Под фундамент «Беларусь» прорыл траншею – от ворот и по всему периметру участка. А Октай успел за это время, до вечера, привезти еще три машины камня.
Чуть ли не целый день мать стояла у дороги и рассказывала всем, кто проходил мимо, что Кафар строит новый дом. Правда, сначала он поставит забор, чтобы придать дому приличный вид, чтобы не выставлять на всеобщее обозрение строительный материал. А как только поставит забор – тут же и возьмется за дом, да не какой-нибудь, а двухэтажный. «Разве не так, родной?» – поворачивалась она к сыну.
– Так, так, – отвечал увлеченный работой Кафар, не особенно и вслушиваясь в ее слова.
А вокруг Бахадура собирались соседские дети – он им рассказывал примерно то же: «Видите, наш дядя дом строит. Как только кончим – сразу позову вас всех в гости…»

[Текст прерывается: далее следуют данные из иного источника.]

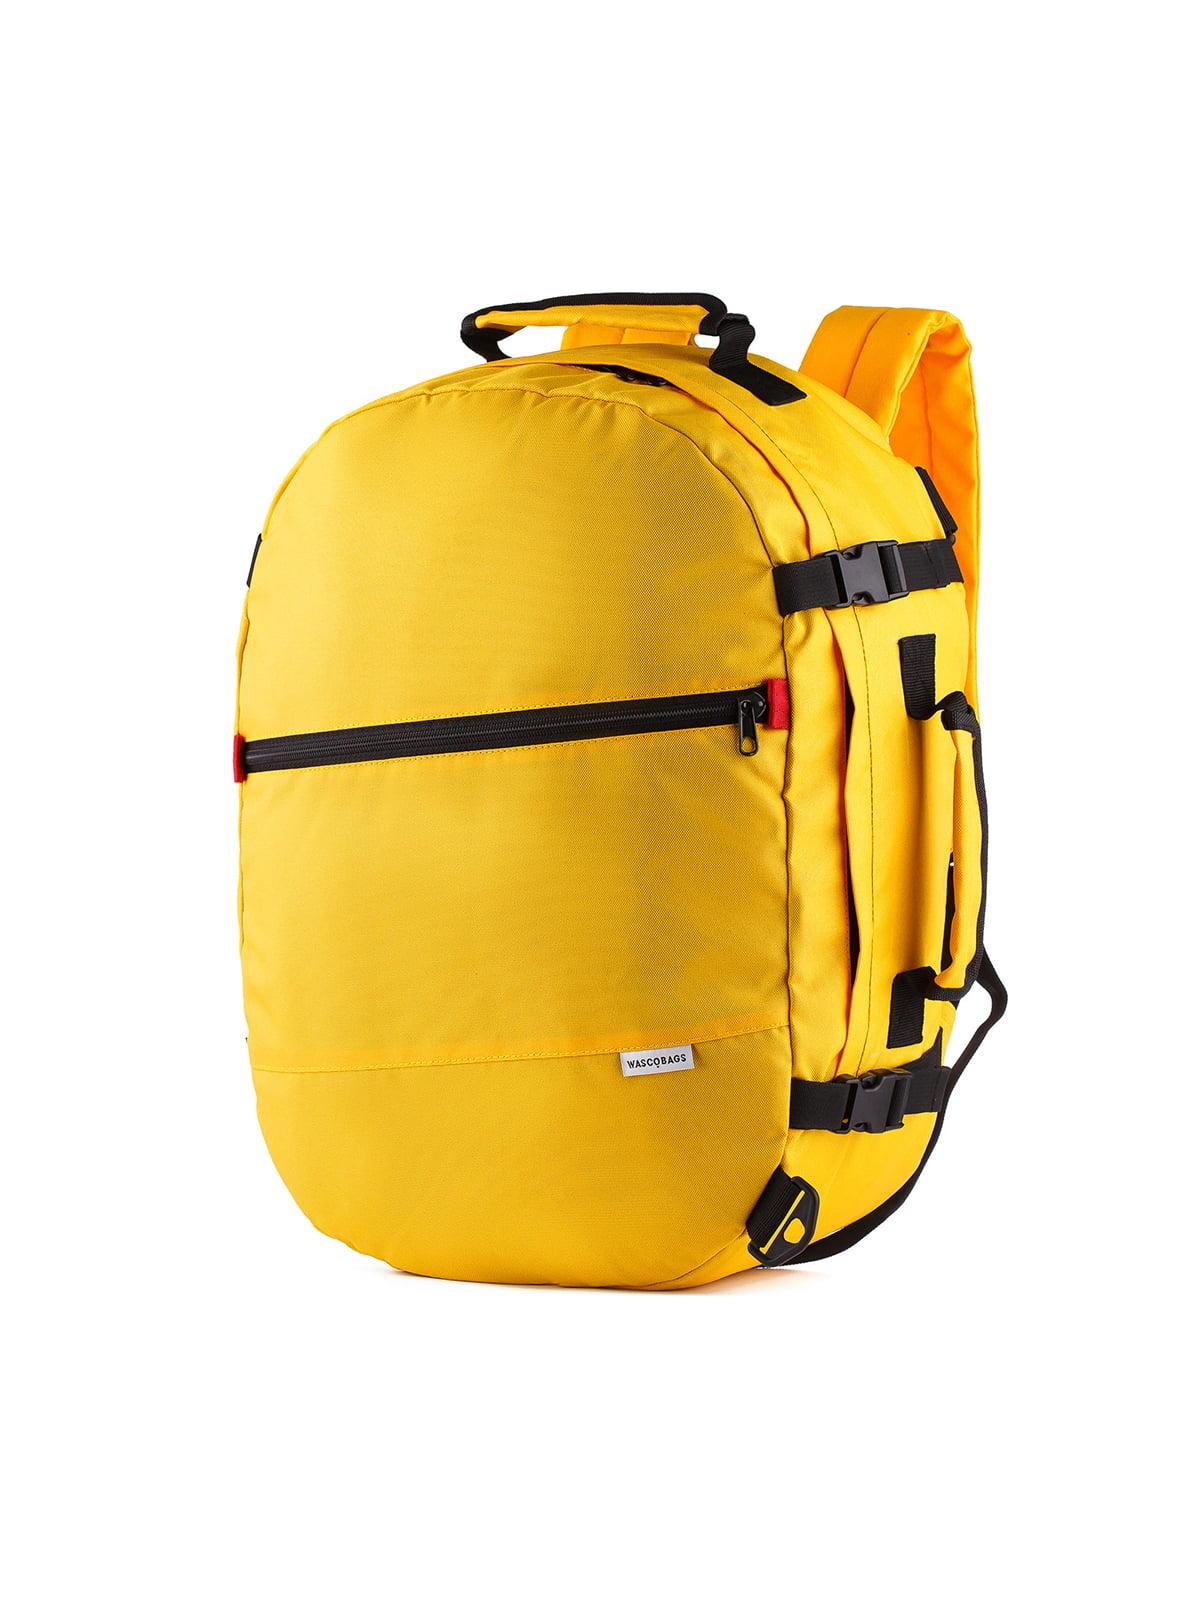 Сумка-рюкзак для ручной клади желтая (50х35х20 см) | 5514217

Ближе к вечеру «Беларусь», закончив зачистку траншеи, уехал. Кафар, оставшись один, только собрался разровнять песок на дне траншеи, как к нему подскакал на своем деревянном коне Бахадур, сказал, запыхавшись: «Дядя, иди скорей, тебя бабушка зовет!»
– Ты скажи ей, сынок, что я скоро приду. Скажи, дяде на час всего работы осталось. Ладно?
– Да нет, бабушка велела, чтобы ты скорее шел, прямо сразу.
– А ты не знаешь, зачем она меня зовет? – спросил Кафар, с сожалением втыкая лопату в землю. Бахадур отрицательно замотал головой. – А где она, бабушка?
– Вон, под черным инжиром.
– Где, где?
– Да вон же, смотри, под черным инжиром… Кафар быстро выбрался из канавы. «К чему бы это? – подумал он. – Зачем это она сейчас-то меня под черный инжир зовет?»
Мать сидела, прислонившись спиной к стволу. Увидев их вместе, сказала Бахадуру:
– Внучек, сердце мое, иди скорей, не дай соседским ребятам растащить наши камни!..
– Пусть только попробуют! – грозно сказал Бахадур, разворачивая своего «скакуна». – Я их тогда всех поубиваю!
– Что случилось, мама? – встревожено спросил Кафар.
Гюльсафа улыбнулась успокаивающе:
– Ничего, ничего, мой родной, все хорошо. Садись, – похлопала она по земле рядом с собой, – у меня к тебе есть небольшой разговор.
– Но, мама! Давай сначала построим дом, а там уж сколько хочешь поговорим…
– За дом я уже не беспокоюсь,! сынок, за дом не беспокоюсь. Нет, нет, за это я уже больше ни капельки не волнуюсь… Я тебя совсем для другого позвала. Садись же. – Она опять постучала ладонью по земле.
Кафар подогнул под себя ногу, сел напротив матери.
– Сейчас, сейчас скажу тебе кое-что… Только не пугайся, ладно?
– Ой, мама, да говори что хочешь, с чего мне пугаться?
О чем она могла заговорить? О Фариде, о его семье, о детях? И вдруг его пронзила догадка, он враз почувствовал, как шевелятся на голове волосы, как покрывает все тело холодный пот, как сжимает сердце тоска…
– Сегодня же пригласи сюда всех своих братьев и сестер…
– Зачем это тебе, мама? – запинаясь, пробормотал Кафар. – Давай сначала хоть забор поставим…
– Нет, вызови их как можно скорее, а сам приготовься… – Казалось, на глазах слабеет свет в ее взоре – словно кончался в светильнике керосин…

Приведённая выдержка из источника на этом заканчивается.